What you are asked to do - The reply should contain all the data below, repeated exactly, and none of the images.

Recorded information -
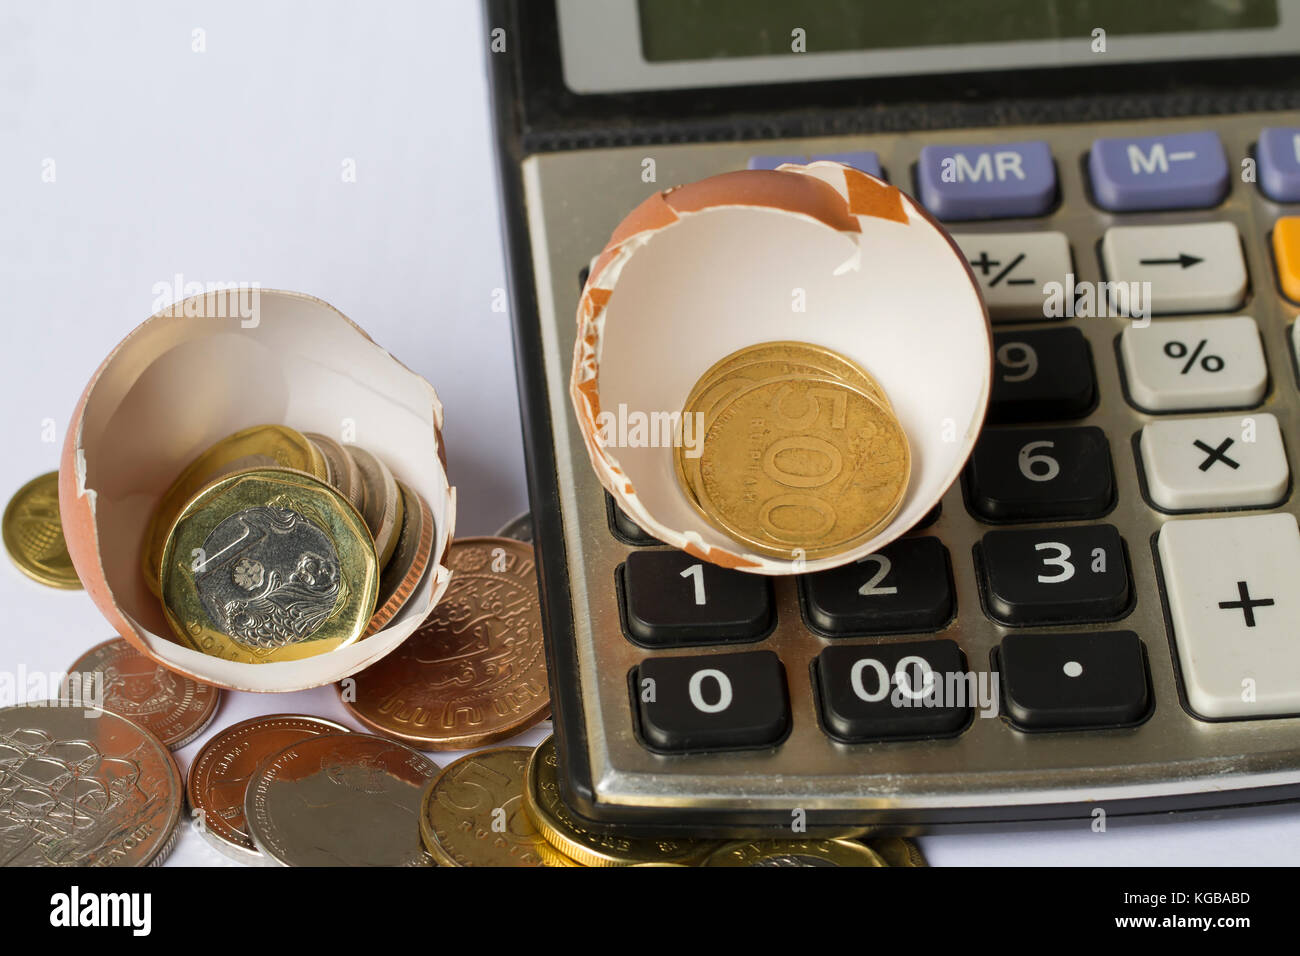 Calcul de l'investissement d'entreprise / planification financière d'entreprise / démarrage d'entreprise illustré avec coquille d'œuf, calculatrice, et pièces de monnaie Banque D'Images
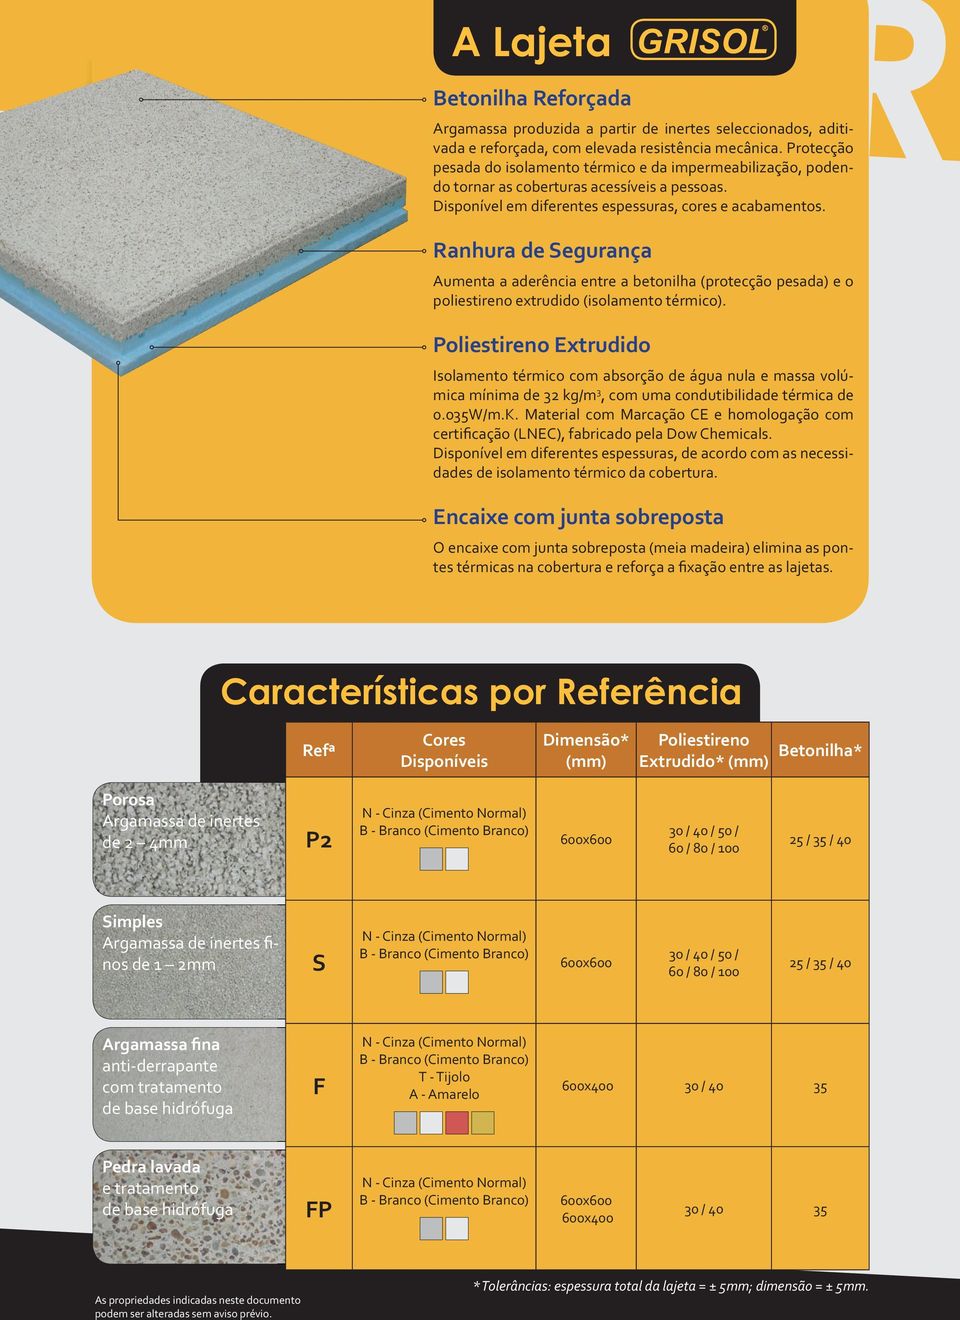 Ranhura de Segurança Aumenta a aderência entre a betonilha (protecção pesada) e o poliestireno extrudido (isolamento térmico).
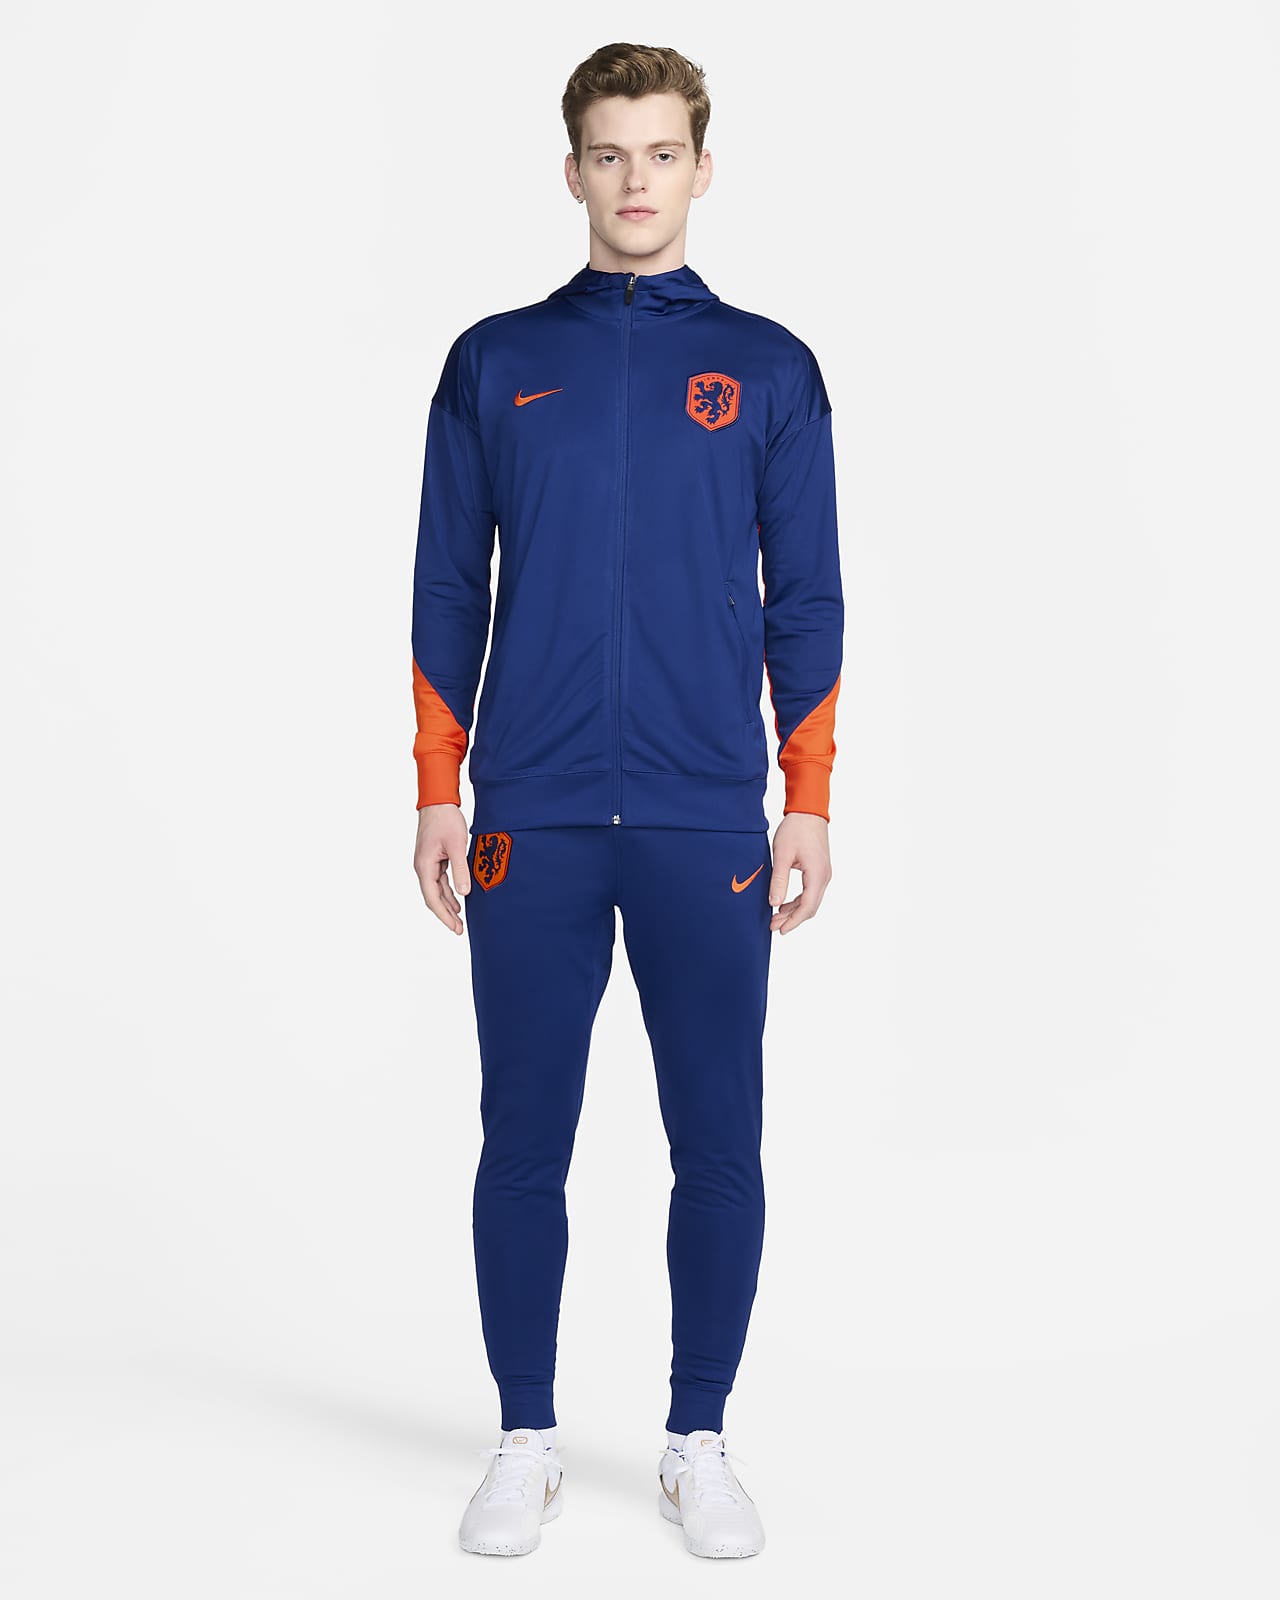 Nederland Strike Nike Dri-FIT knit voetbaltrainingspak met capuchon voor heren
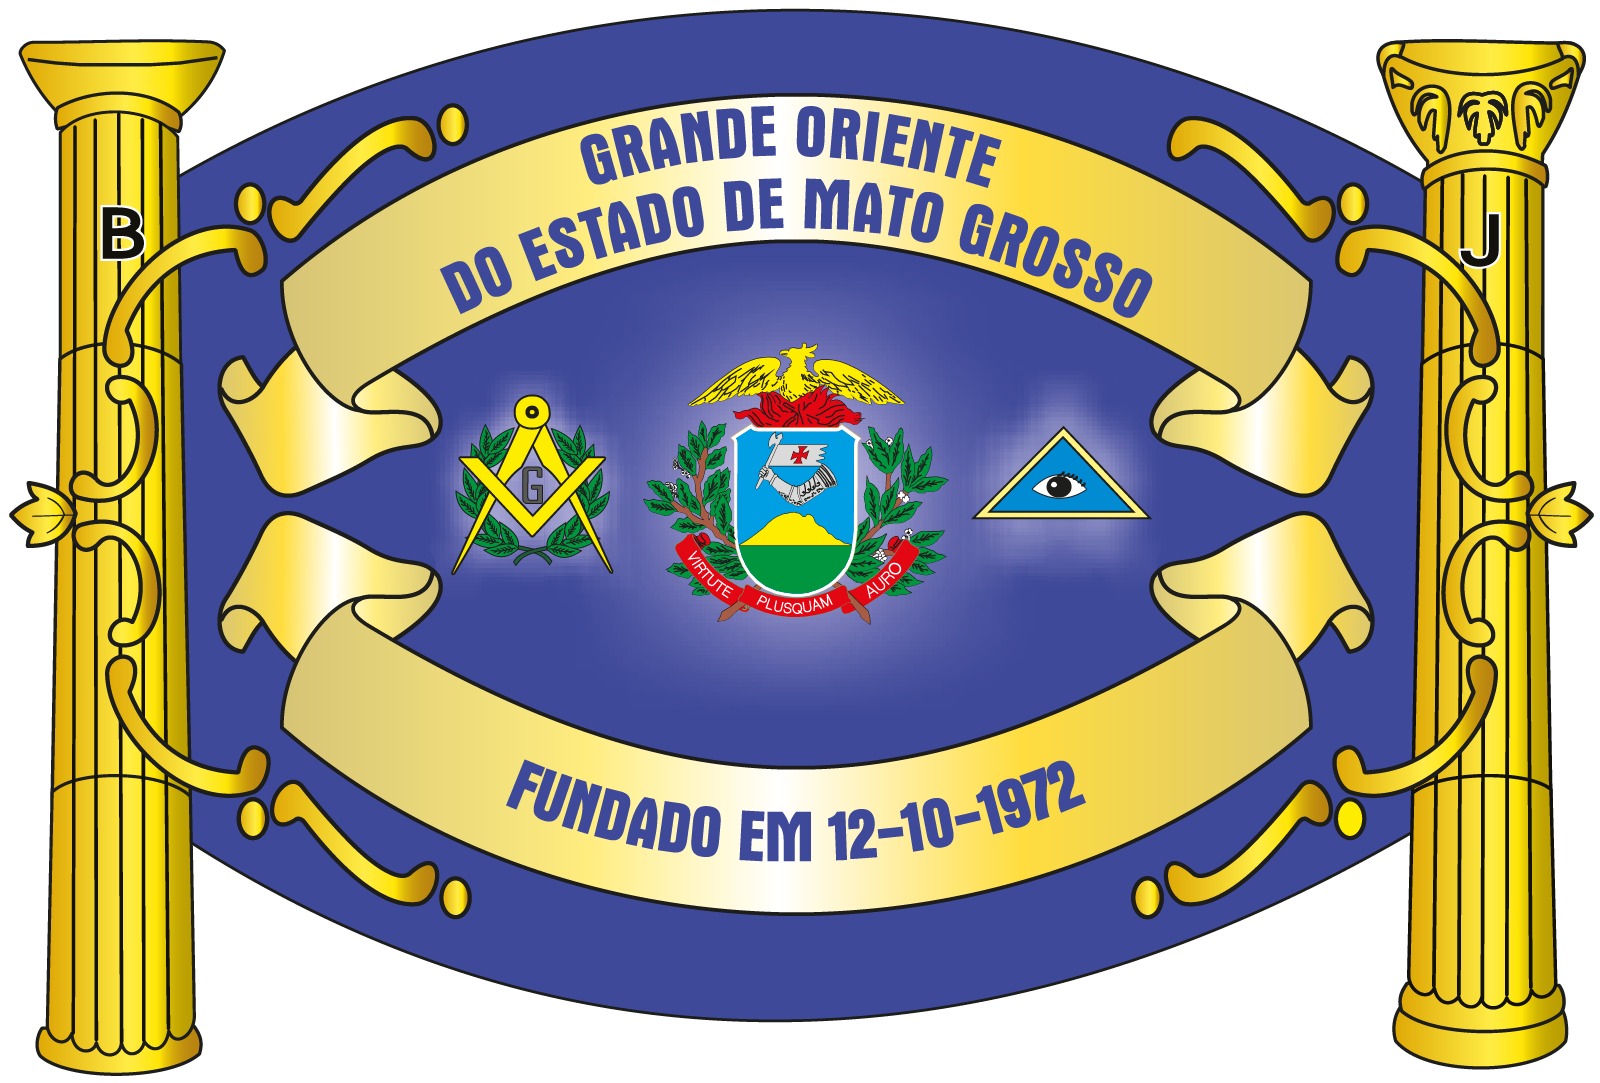 Grande Oriente do Estado de Mato Grosso

Answer to this problem -
 Calcul de l'investissement d'entreprise / planification financière d'entreprise / démarrage d'entreprise illustré avec coquille d'œuf, calculatrice, et pièces de monnaie Banque D'Images
 Ranhura de Segurança Aumenta a aderência entre a betonilha (protecção pesada) e o poliestireno extrudido (isolamento térmico).
 Nederland Strike Nike Dri-FIT knit voetbaltrainingspak met capuchon voor heren
 Grande Oriente do Estado de Mato Grosso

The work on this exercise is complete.